Hypochondroplasia is a genetic disorder characterized by short stature. It is caused by a mutation in the FGFR3 gene. The condition is hereditary and follows an autosomal dominant pattern of inheritance. This means that if one parent has the condition, there is a 50% chance of passing it on to their children. Genetic counseling is recommended for individuals with a family history of hypochondroplasia to understand the risks and implications.
Hypochondroplasia is a genetic disorder that affects bone growth and development. It is characterized by short stature, short limbs, and a relatively large head. The condition is caused by mutations in the FGFR3 gene, which provides instructions for making a protein involved in the development and maintenance of bone and brain tissue.

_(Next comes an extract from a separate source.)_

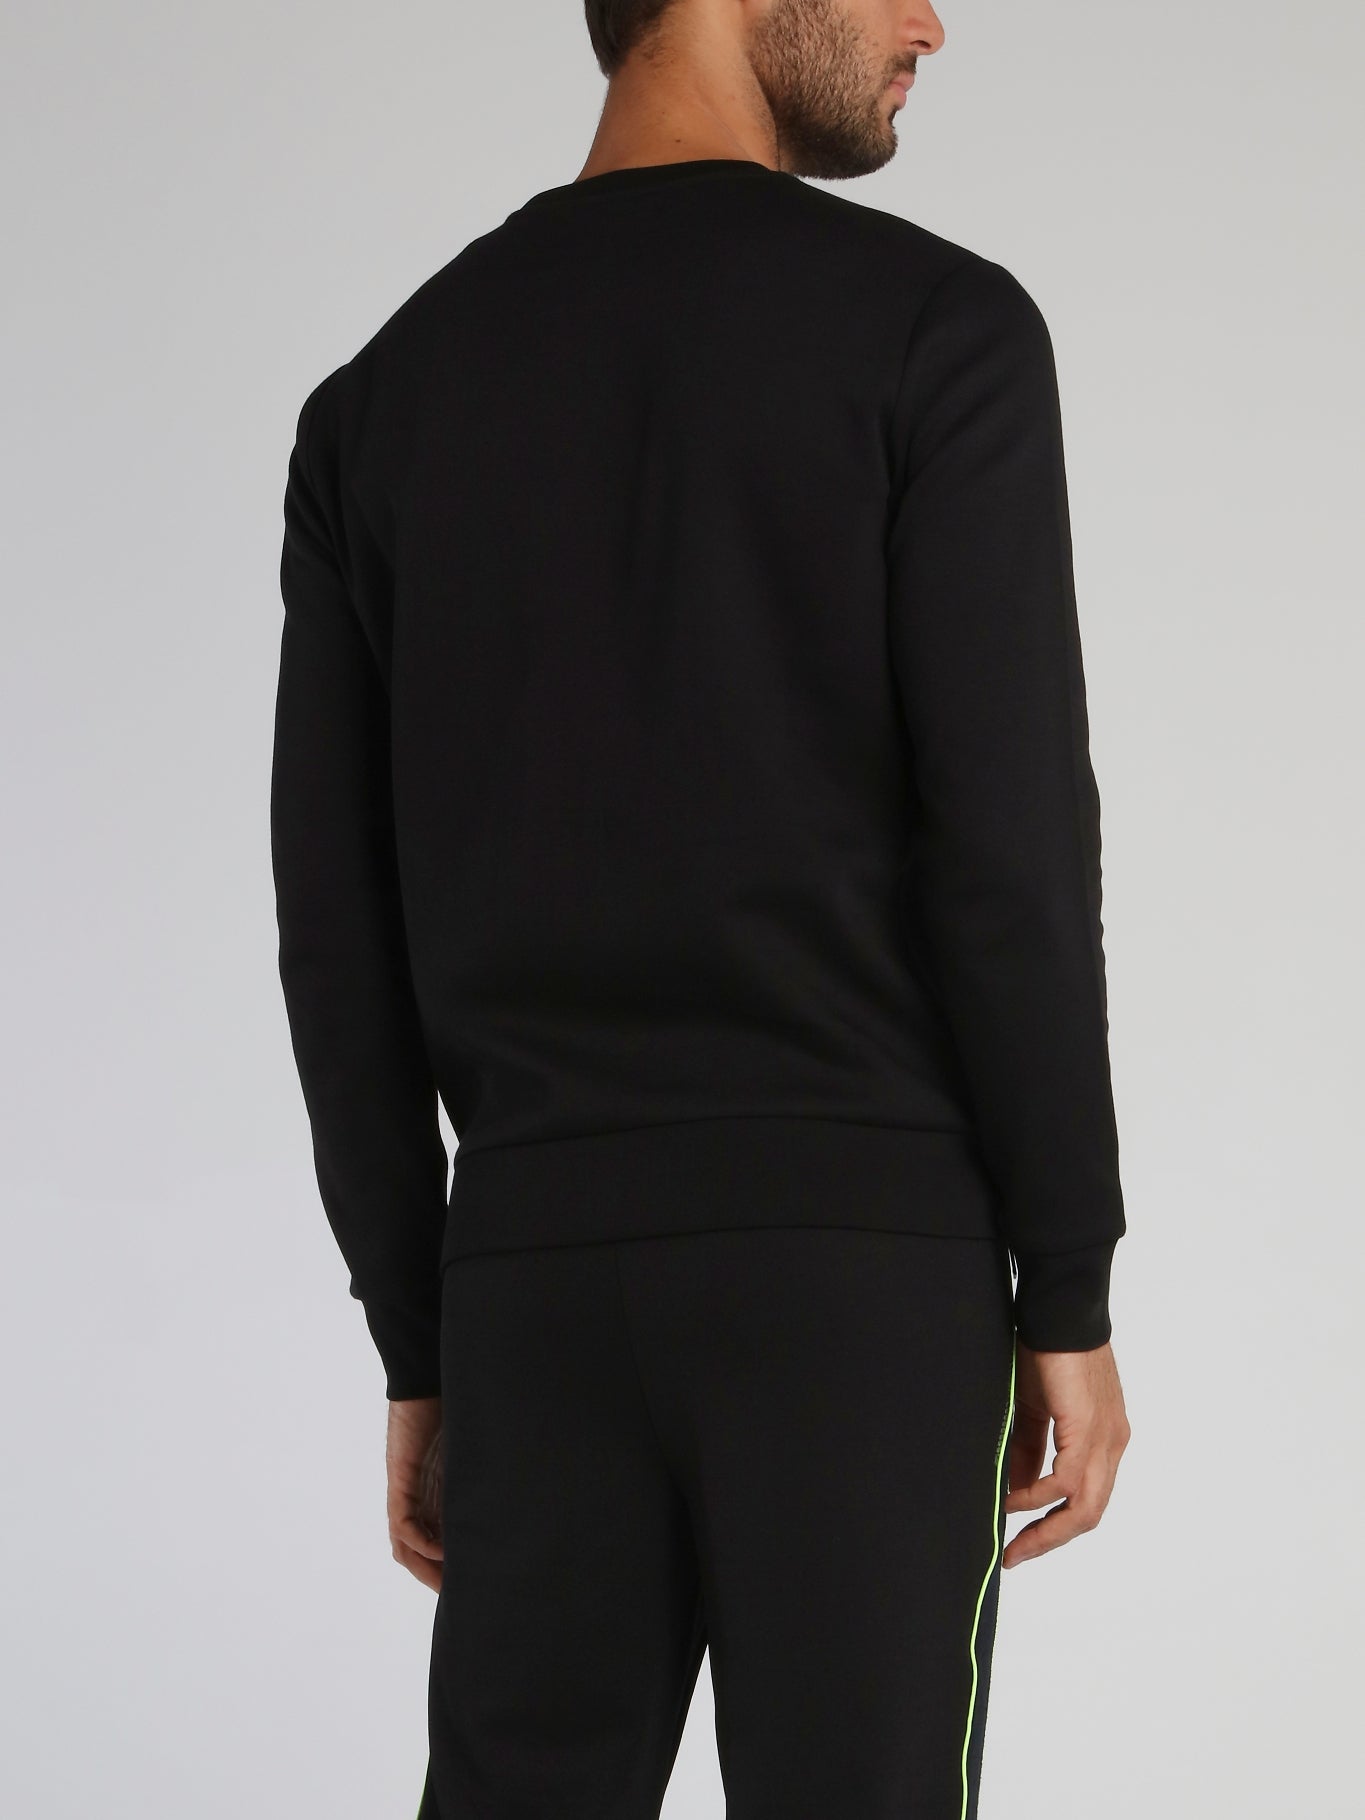 Black With Large Monogram Sweatshirt

Is Hypochondroplasia hereditary?
Yes, Hypochondroplasia is inherited in an autosomal dominant pattern, which means that a person with the condition has a 50% chance of passing it on to each of their children. Autosomal dominant disorders occur when a single copy of the mutated gene is sufficient to cause the disorder.

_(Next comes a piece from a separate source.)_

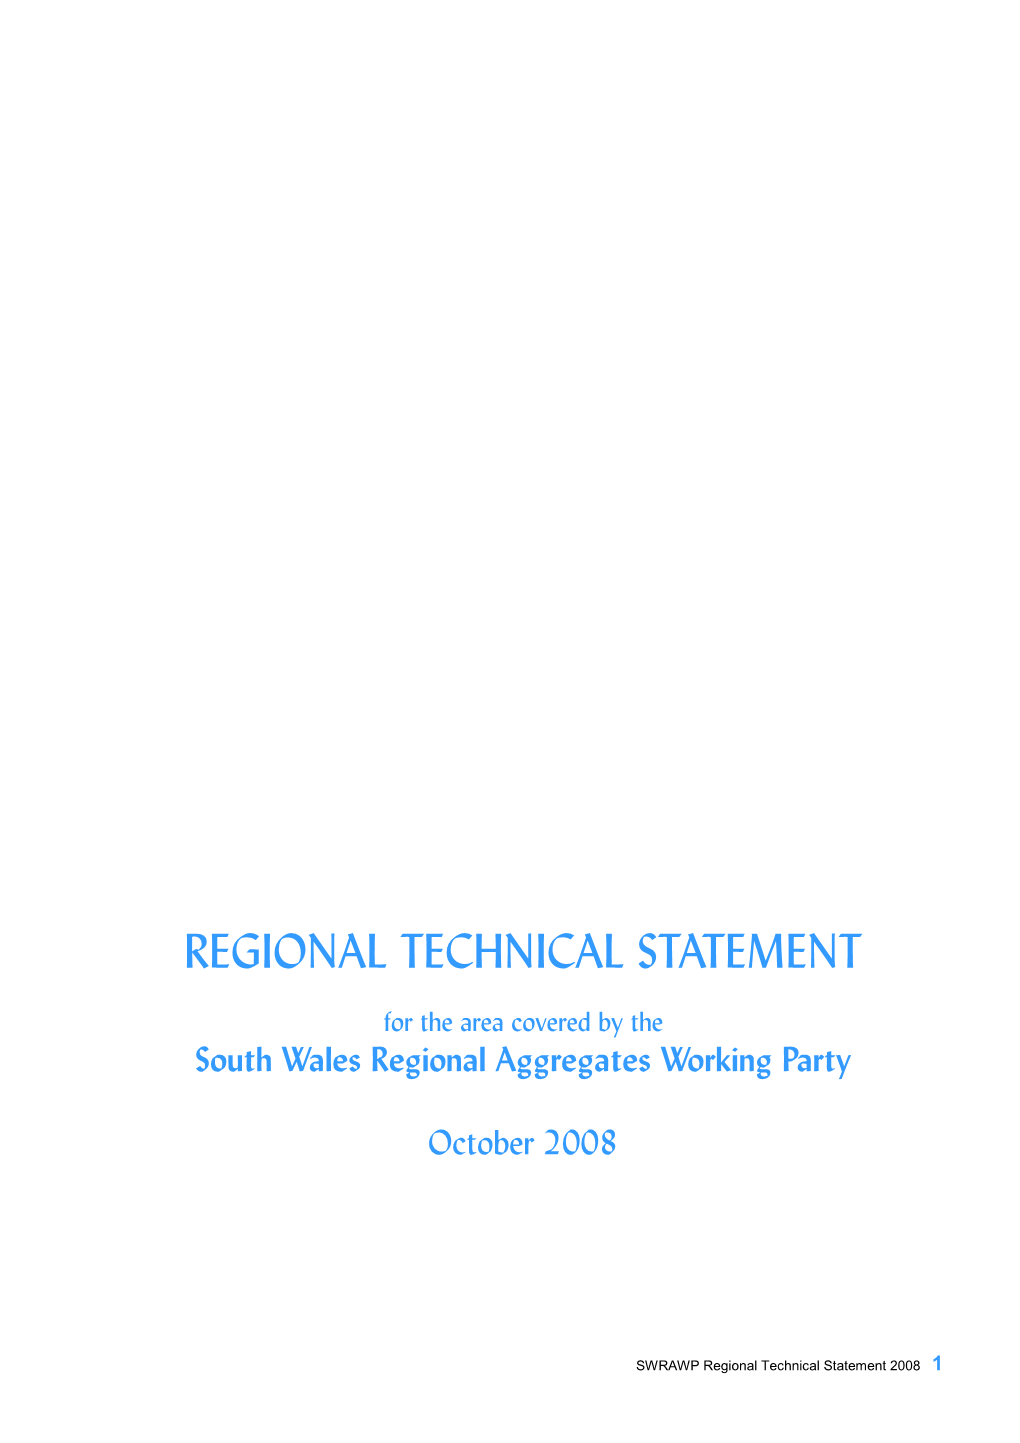 SWRAWP Regional Technical Statement 2008.Pub

When an individual with Hypochondroplasia has children, each child has a 50% chance of inheriting the condition. If the child inherits the mutated gene, they will also have Hypochondroplasia. If the child does not inherit the mutated gene, they will not have the condition and will not be at risk of passing it on to their own children.
It is important to note that genetic testing can be done to confirm the presence of the FGFR3 gene mutation associated with Hypochondroplasia. This can be helpful in determining the risk of passing on the condition to future generations.